**Dataset section**
--- START ---

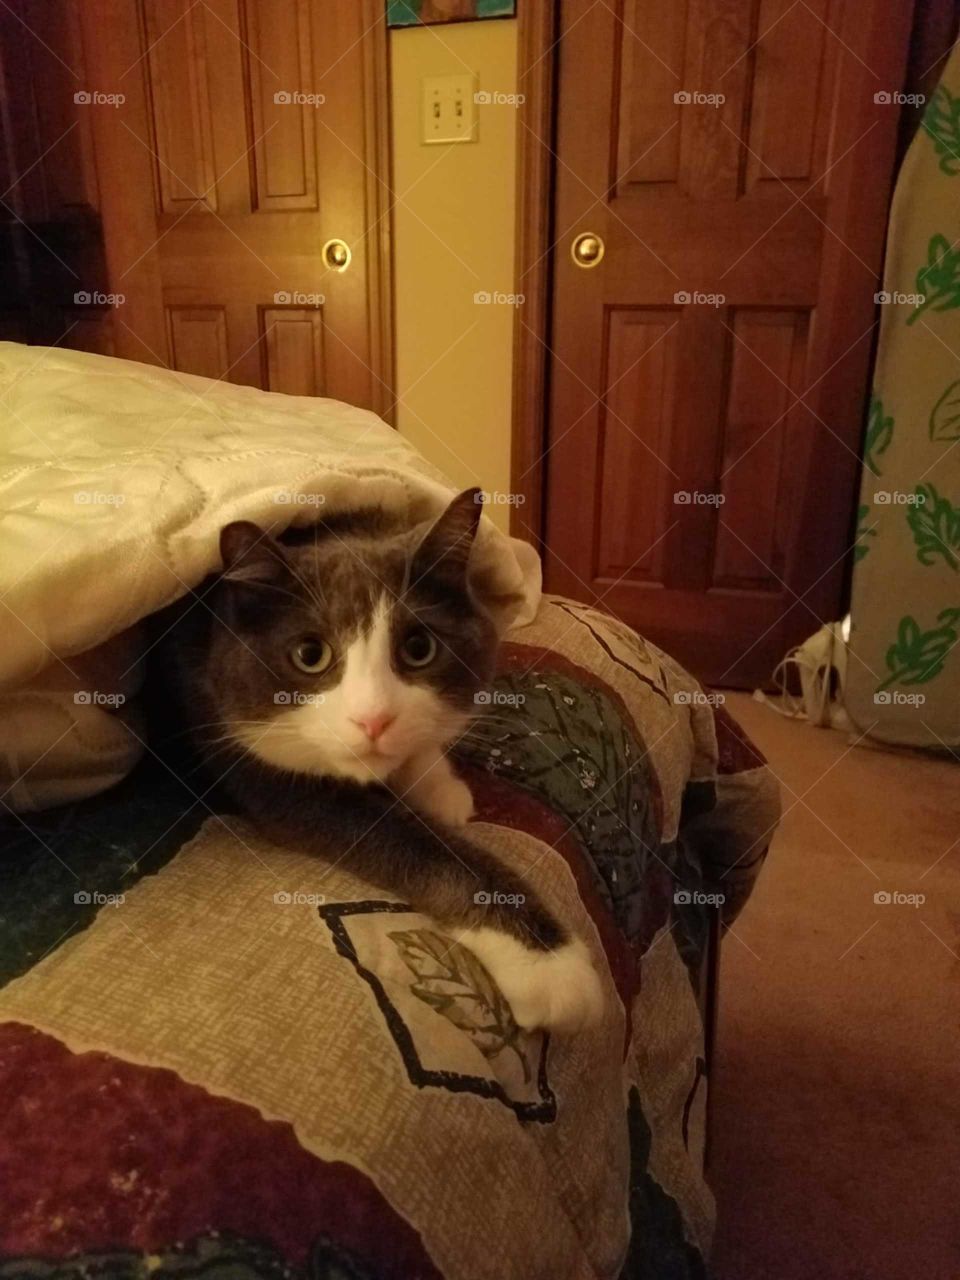 Jasper hiding under a blanket
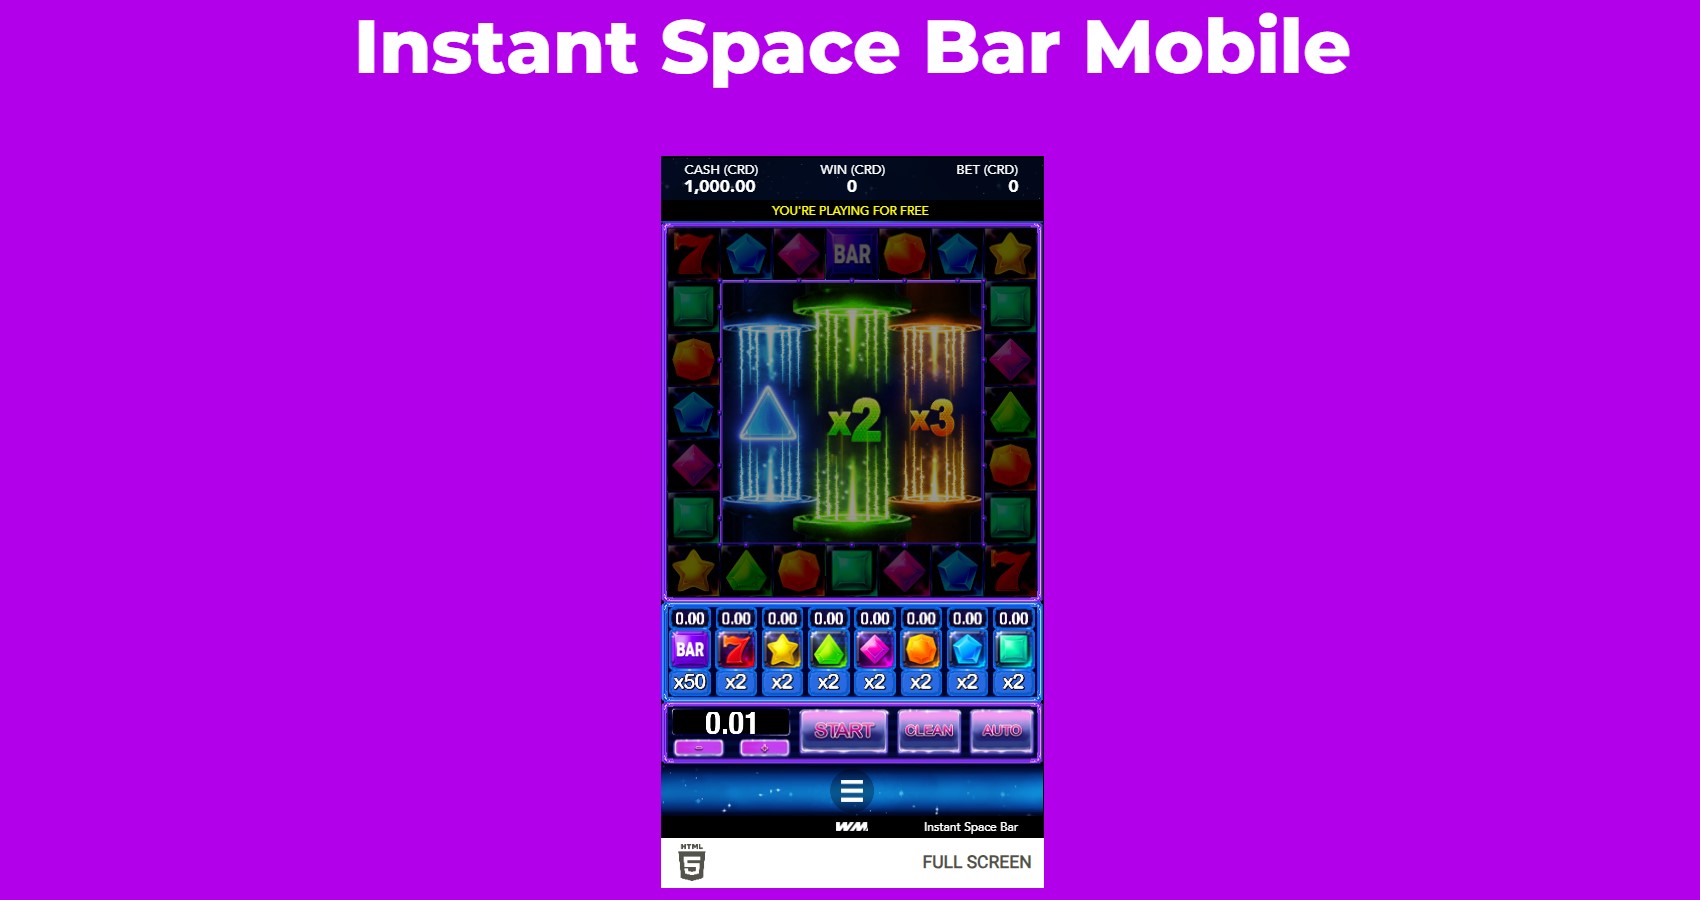 Instant Space Bar મોબાઇલ સંસ્કરણ
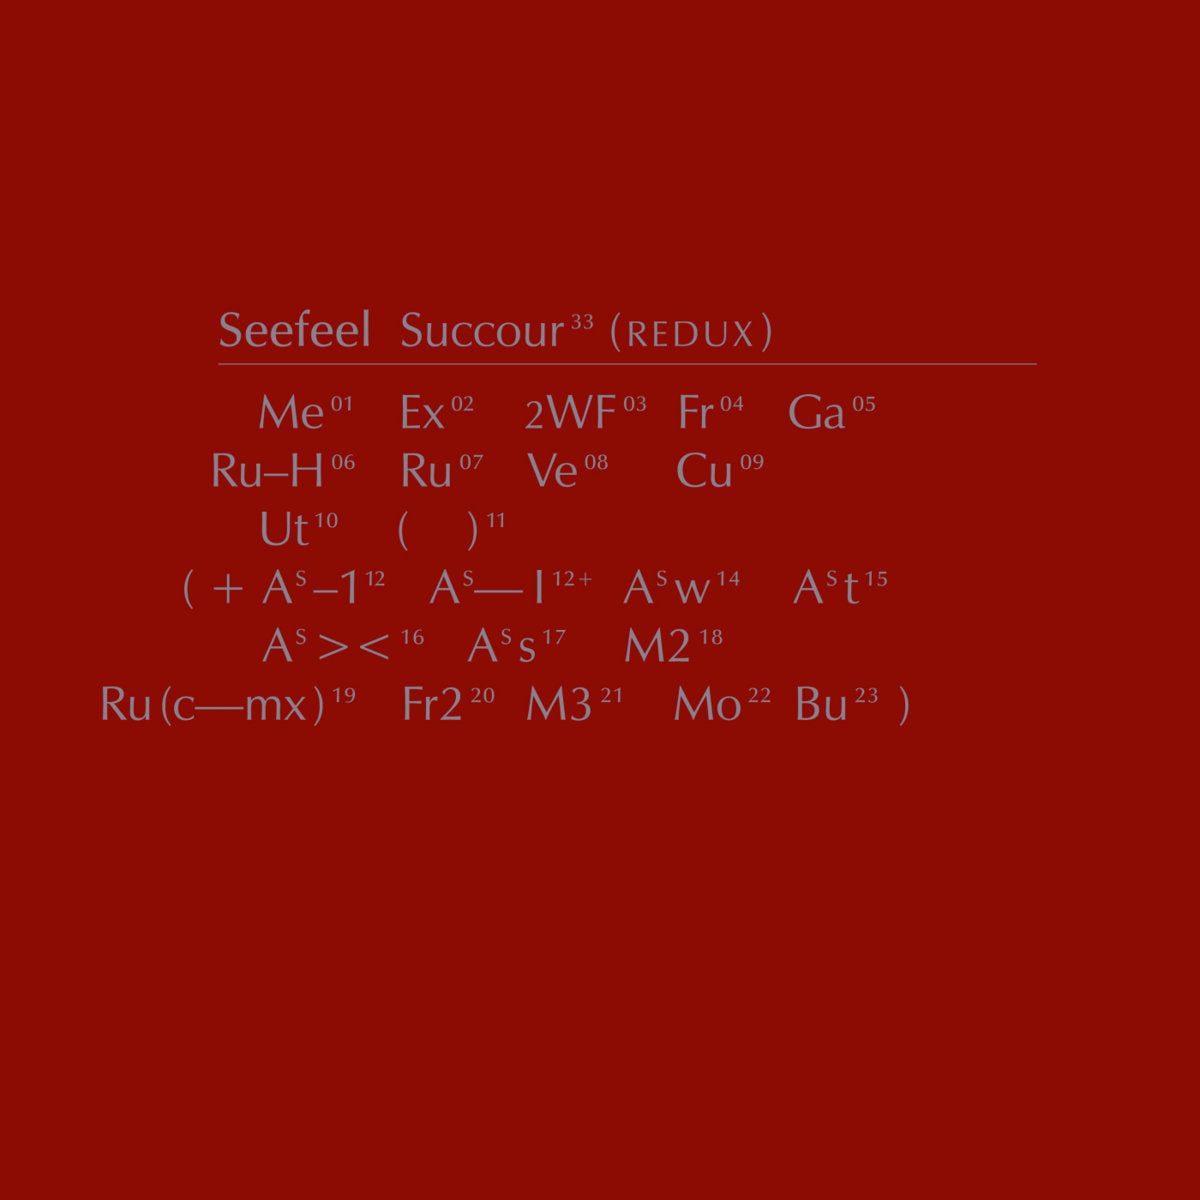 SEEFEEL - Succour (Redux) - 3LP - Gatefold Sleeve Vinyl

--- END ---

**What the task requires**
Leave out the pictures and print every line of the data exactly.

**Answer section**
 Jasper hiding under a blanket
 Instant Space Bar મોબાઇલ સંસ્કરણ
 SEEFEEL - Succour (Redux) - 3LP - Gatefold Sleeve Vinyl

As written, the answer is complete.